AL-HOL, Syria – Foreign children wounded in the final desperate days of the Islamic State (ISIS) caliphate in eastern Syria have still not been repatriated to their home countries. Instead they await their fate in the “apocalyptic” conditions of al-Hol camp in Hasaka province.
Tens of thousands of people flooded out of Baghouz – the final sliver of territory held by ISIS – in March 2019 as the Syrian Democratic Forces (SDF) eliminated the jihadists’ last holdouts.
Among this wave of starved, exhausted, and traumatized humanity were militants, their wives, their children, and their captives. Each had to be screened before they were trucked to prison facilities and refugee camps, or deported to their home countries.
After years of savage fighting in an ever-shrinking patch of territory, the children of ISIS members were left vulnerable to bullets, shrapnel, landmines, falling debris, airstrikes, disease, and the harsh climate.
Many now living in al-Hol bear the scars of war.
Among them there are thousands of children of ISIS fighters from Syria, Iraq, Europe, the Americas, the former Soviet republics, and further afield.
Photographed here is a five-year-old Russian boy. He lost an arm in the battle for Baghouz.
Another Russian boy is confined to his bed. He was trained by ISIS, who called him the ‘Lion of the Caliphate’. He sustained his injuries during the fight in Baghouz. Unable to get proper treatment, a bullet remains lodged in his body.
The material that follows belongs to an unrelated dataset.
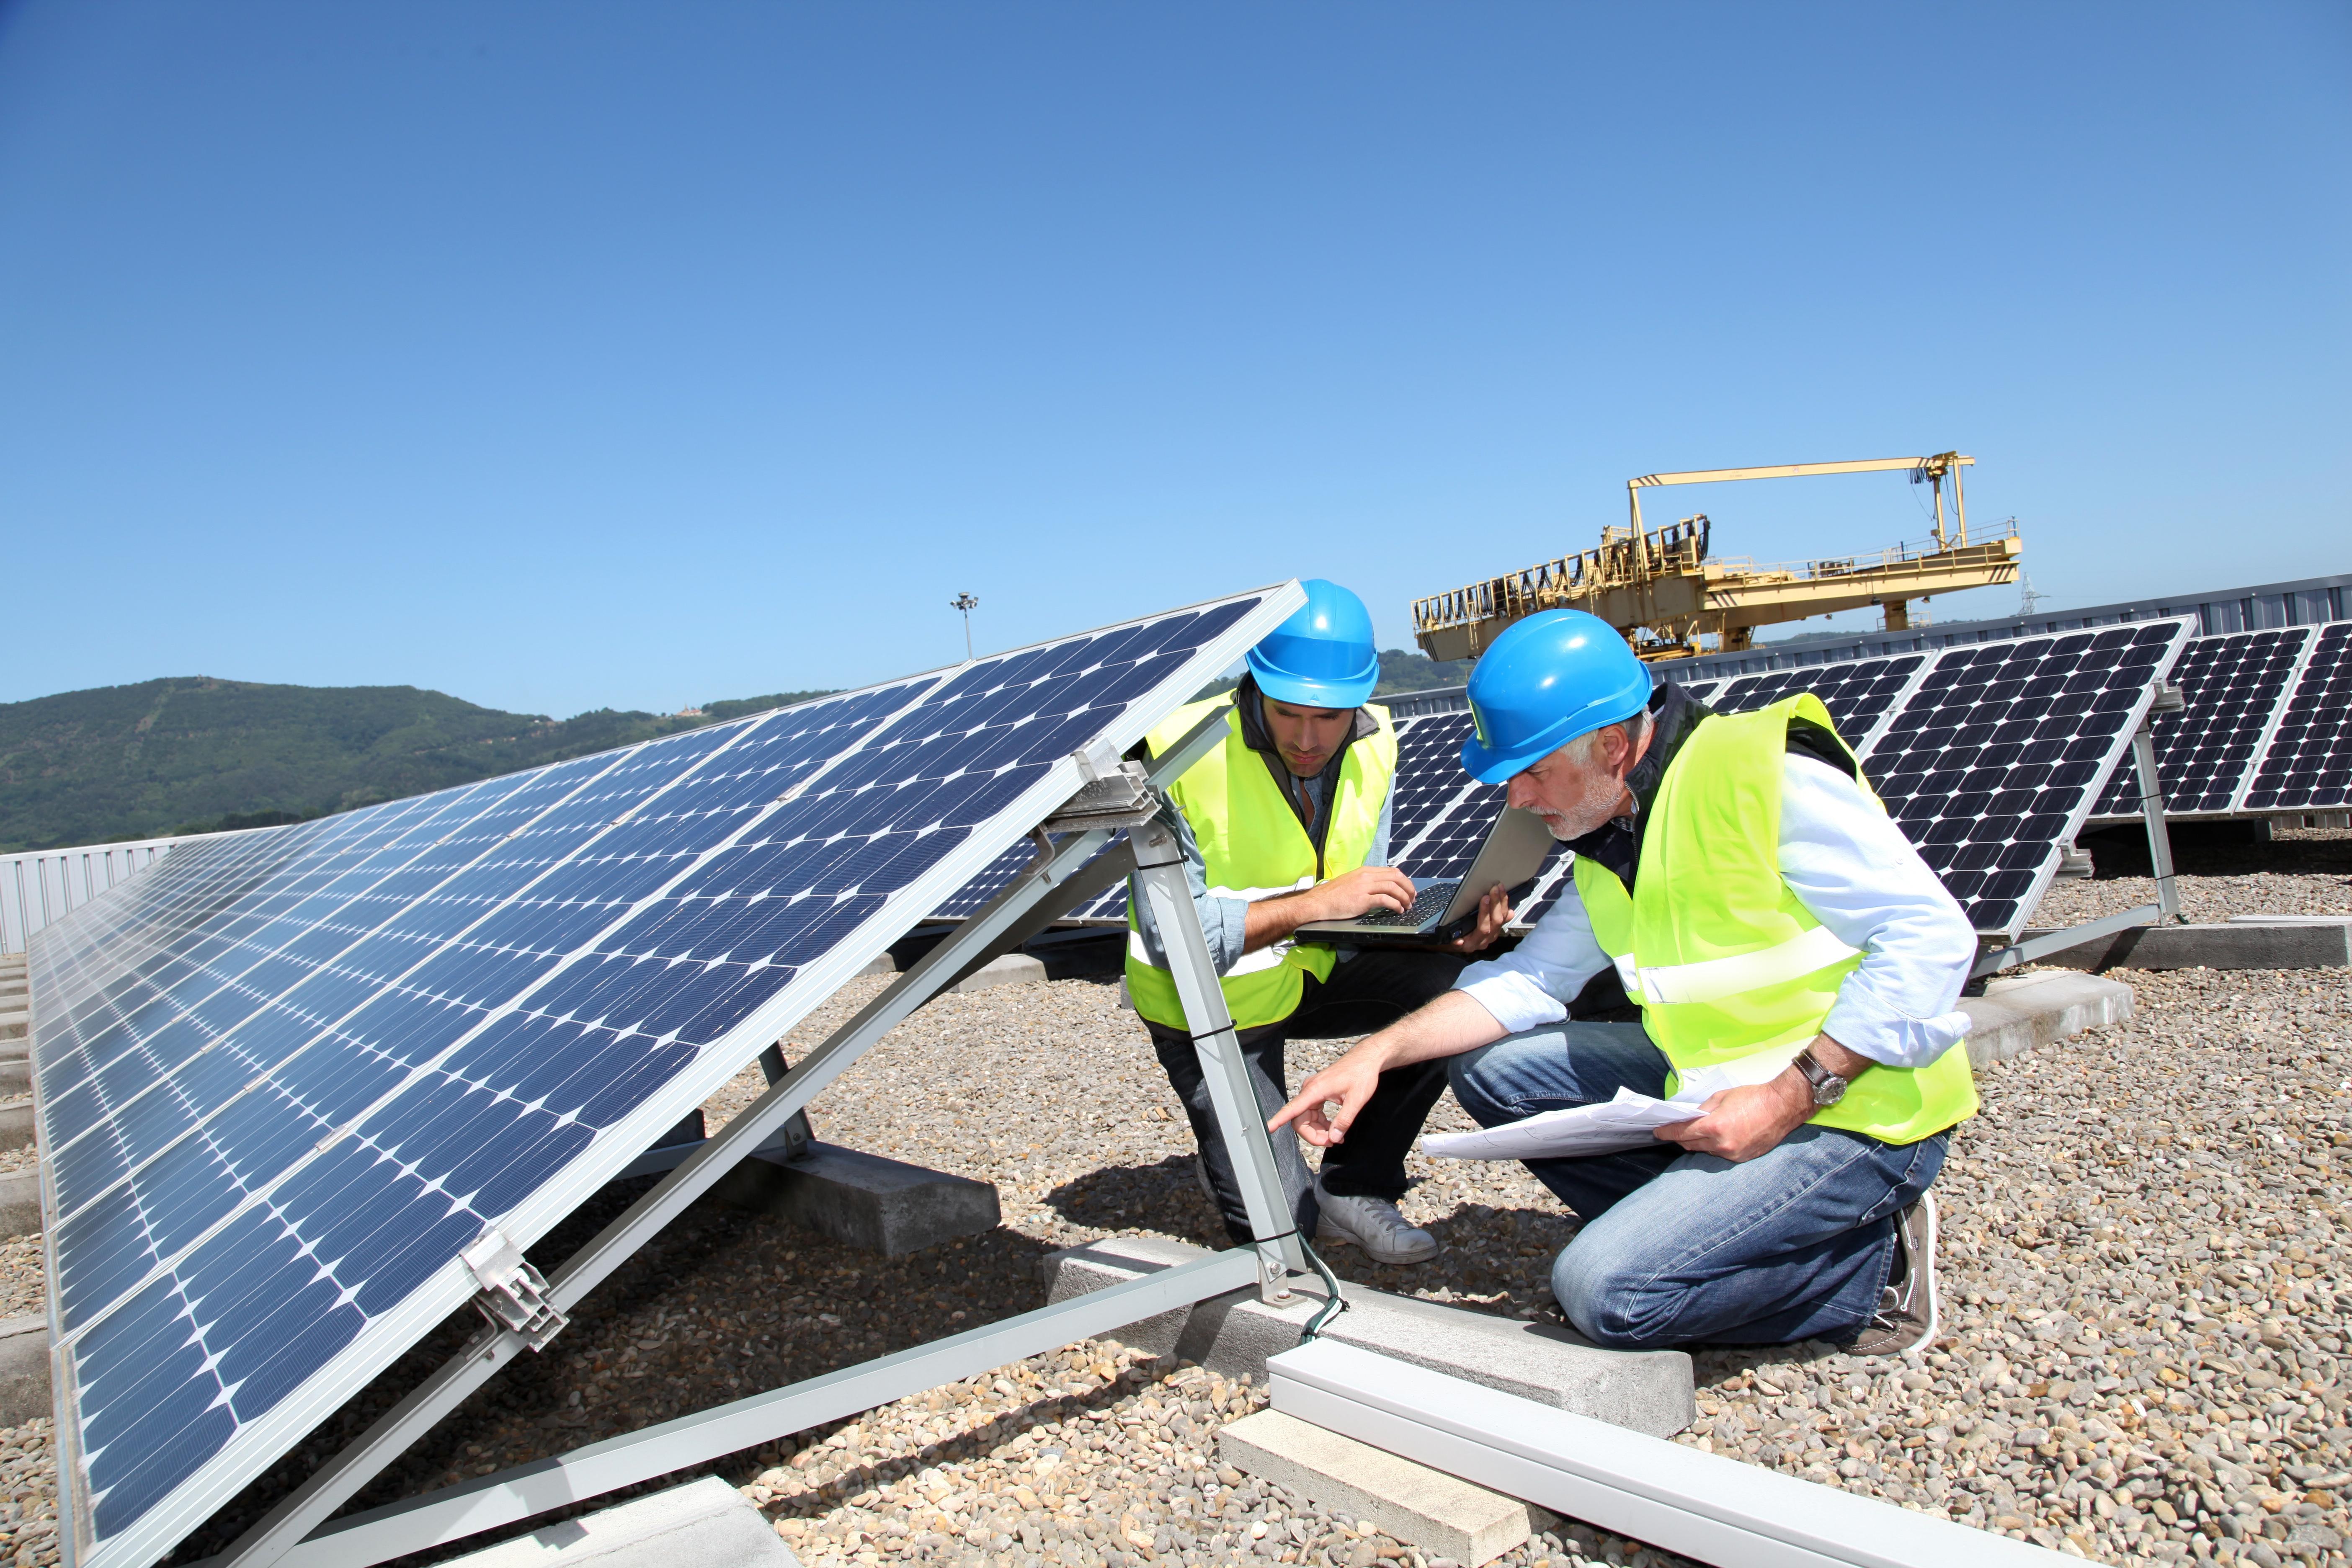 Two technicians in hard hats examining installation of solar panels ...

Other children in the camp have burns and broken bones. Without proper identity papers, they are deprived of schooling and proper healthcare.
Foreign governments have been reluctant to take back their citizens, fearful they will pose a security risk if successful prosecutions cannot be brought against them. Kurdish authorities have called for an international court to be established to process them.
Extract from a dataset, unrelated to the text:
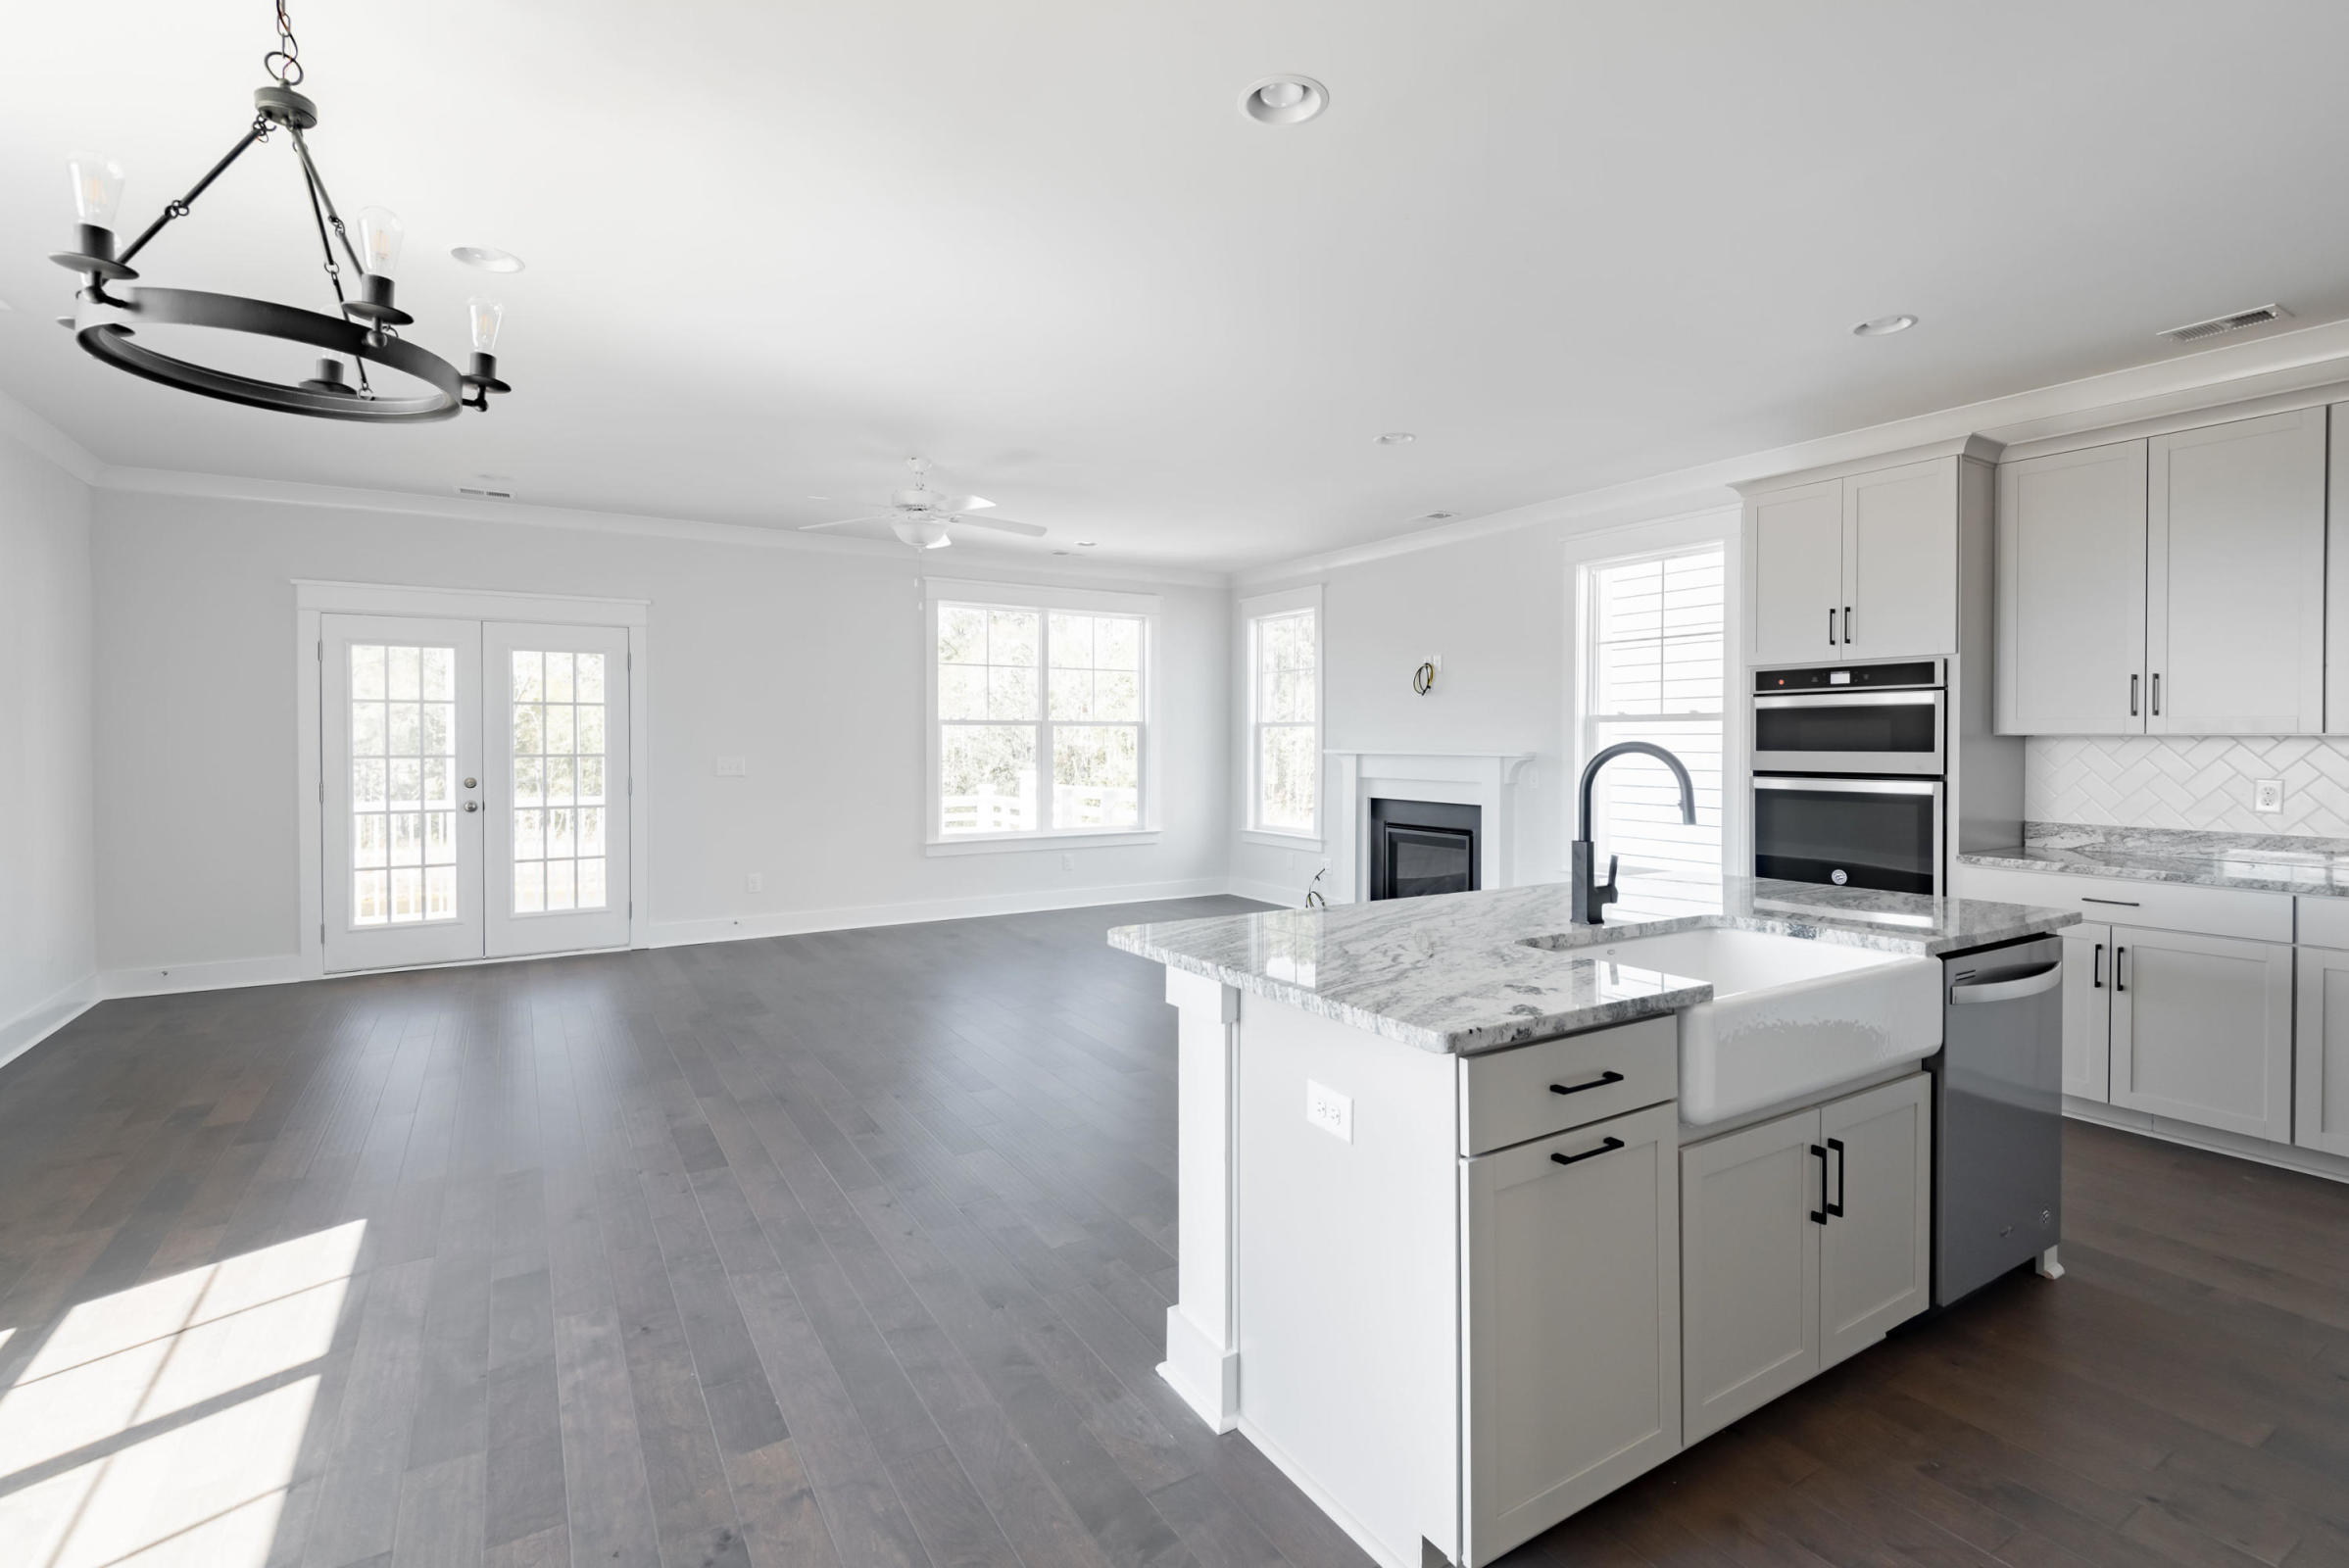 James Island Homes For Sale - 1397 Harbor View, Charleston, SC - 2

“It is just apocalyptic,” Fabrizio Carboni, who heads the International Committee of the Red Cross’s Near and Middle East operations, told reporters in Geneva last week.
“Our position is to say to states ‘take your nationals back’.”
Carboni condemned the stigmatization of people, especially children, and efforts to create “categories of good victims and bad victims”.
“As if kids can be something else than just victims.”
Carboni said two thirds of the residents in al-Hol were children, mainly under 12, insisting it was unconscionable to leave them there.
“You don’t leave kids in the middle of nowhere exposed to extreme heat, extreme cold, violence,” he said.
He warned that countries needed to recognize that “at one stage there will be a price to pay,” and that if they put off dealing with this issue, “it is going to be higher”.